For cell cycle analysis, apoptosis assay and ROS measurements, cells were transfected with siRNAs, 2 days later re-plated into 6-well plates at density 1.5 × 10⁵ cells per well and harvested after 3 days. For cell cycle analysis, 1 × 10⁶ cells were fixed in ice-cold 70% ethanol over night at −20°C, washed twice with PBS and stained with a solution containing 20 μg/ml PI and 225 μg/ml RNase at room temperature for 30 min. For apoptosis evaluation, cells were harvested, washed with ice-cold PBS, suspended in binding buffer and incubated with Annexin V-FITC antibody and PI according to the manufacturer's instructions (BD Pharmingen). Intracellular ROS generation was measured by staining the cells with 10 μM DCF-DA (Thermo Fisher Scientific) for 45 min at 37°C or with 5 μM MitoSox (Thermo Fisher Scientific) for 15 minutes at 37°C. When indicated, cells were pretreated with 1–2 mM NAC for 24 or 48 hours or treated by 10/100 μM H₂O₂ for 15 minutes prior to (HCC1935 and MDA-MB-231 after knockdown) or after addition of DCF-DA (HS578T and MDA-MB-231 stable cells). After staining, cells were washed with PBS and collected for flow cytometer analysis. All samples were analyzed by a BD FACSCalibur and data analyzed using FlowJo software.

Western blots

Cells were lysed in RIPA buffer (50 mM Tris, 150 mM NaCl, 0.1% SDS (w/v), 0.5% sodium deoxycholate (w/v), 1% Nonidet P-40 (v/v)), with protease and phosphatase inhibitors (Sigma). Lysates were clarified by centrifugation at max speed for 10 minutes at 4°C. Lysates were then resolved by SDS-PAGE, transferred to nitrocellulose membrane (Bio-Rad), and the protein blots incubated with specific antibodies (1:1000). Signal was visualized using IRDye^® secondary antibodies (1:15000) and the Odyssey Imager (LI-COR) was used for detection and quantification.

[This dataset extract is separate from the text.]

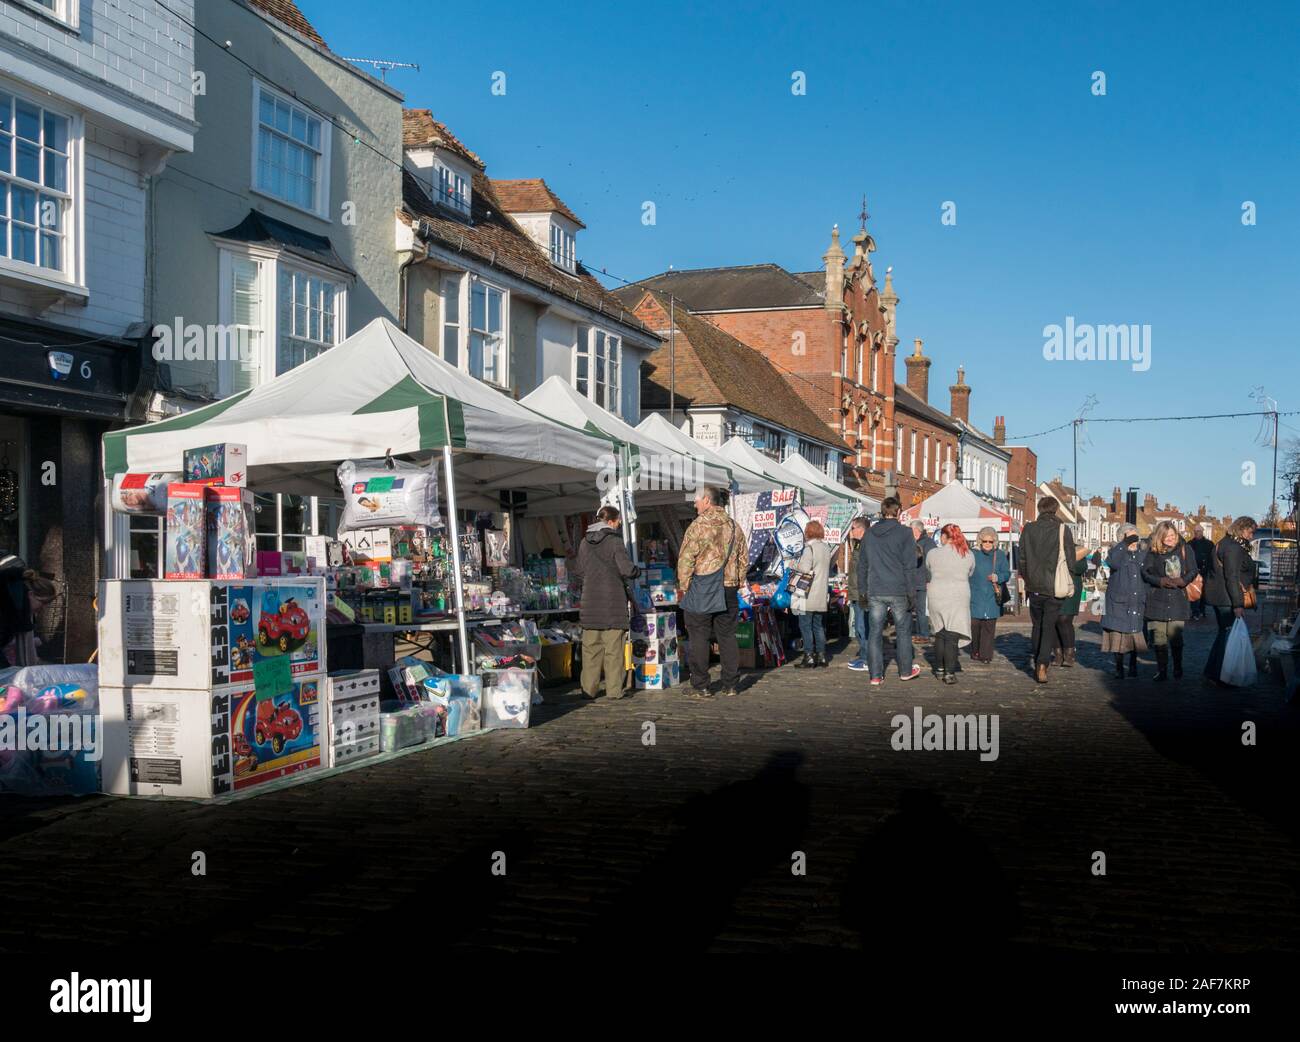 Market stalls in the medieval market town of  Faversham, Kent, UK Stock Photo

Microarray gene expression analysis

Cells were treated with siRNAs and 2 days later RNA was extracted using the RNAStat60 (TelTest) and purified by the RNeasy kit (Qiagen). RNA quality was evaluated with the Experion gel system (BioRad), prior to labeling at UTSW's microarray core. Labelled RNA was hybridized to Illumina human HT-12 version 4 microarray chips according to the manufacture's protocol. Microarray analysis was done with in-house Visual Basic software MATRIX 1.508, a gift of Dr. Luc Girard. Array data were quantile-normalized and samples were compared by calculating log2 ratios for each gene along with a t-test P-value. Oncogenes or tumor suppressor genes that showed log2 fold-change of > 1 and p value < 0.05 are reported in Supplementary Figure S4. The gene list was manually categorized by gene function using NCBI resources (Entrez, Pubmed, etc.). GEO accession number is GSE69082.

Statistical data analysis

RNA-Seq and clinical data of breast invasive carcinoma and other cancers were downloaded from The Cancer Genome Atlas (TCGA) data portal (https://tcga-data.nci.nih.gov/tcga) on June 14th, 2014 and tested for associations as indicated [73]. Gene expression levels for Klotho, βKlotho and γKlotho were estimated by the RNA-Seq Expectation-Maximization (RSEM) normalization method. The median of each gene was calculated for all available patients. Tumors with negative estrogen receptor (ER) status, progesterone receptor (PR) status, and HER2 status by either IHC or FISH were considered as triple negatives. Tumors with undetermined or not evaluated status for any one of these parameters were excluded. Progression-free survival was calculated from the date of breast cancer diagnosis to the date of detection of distant metastasis or the date of death, whichever was earlier. Overall survival was calculated from the date of diagnosis to the date on which the patient died from any cause. Patients alive at the end of the study period were censored at the date of last follow-up or the last date the patient was known to be alive, whichever was later. Kaplan-Meier survival curves and log-rank tests were calculated with SPSS Statistics 17. For the Curtis microarray dataset, the expression of Klotho genes was similarly analyzed as above in about 2,000 samples (n = 144 benign, 320 TN, 1673 nonTN), with Bonferroni post-hoc test.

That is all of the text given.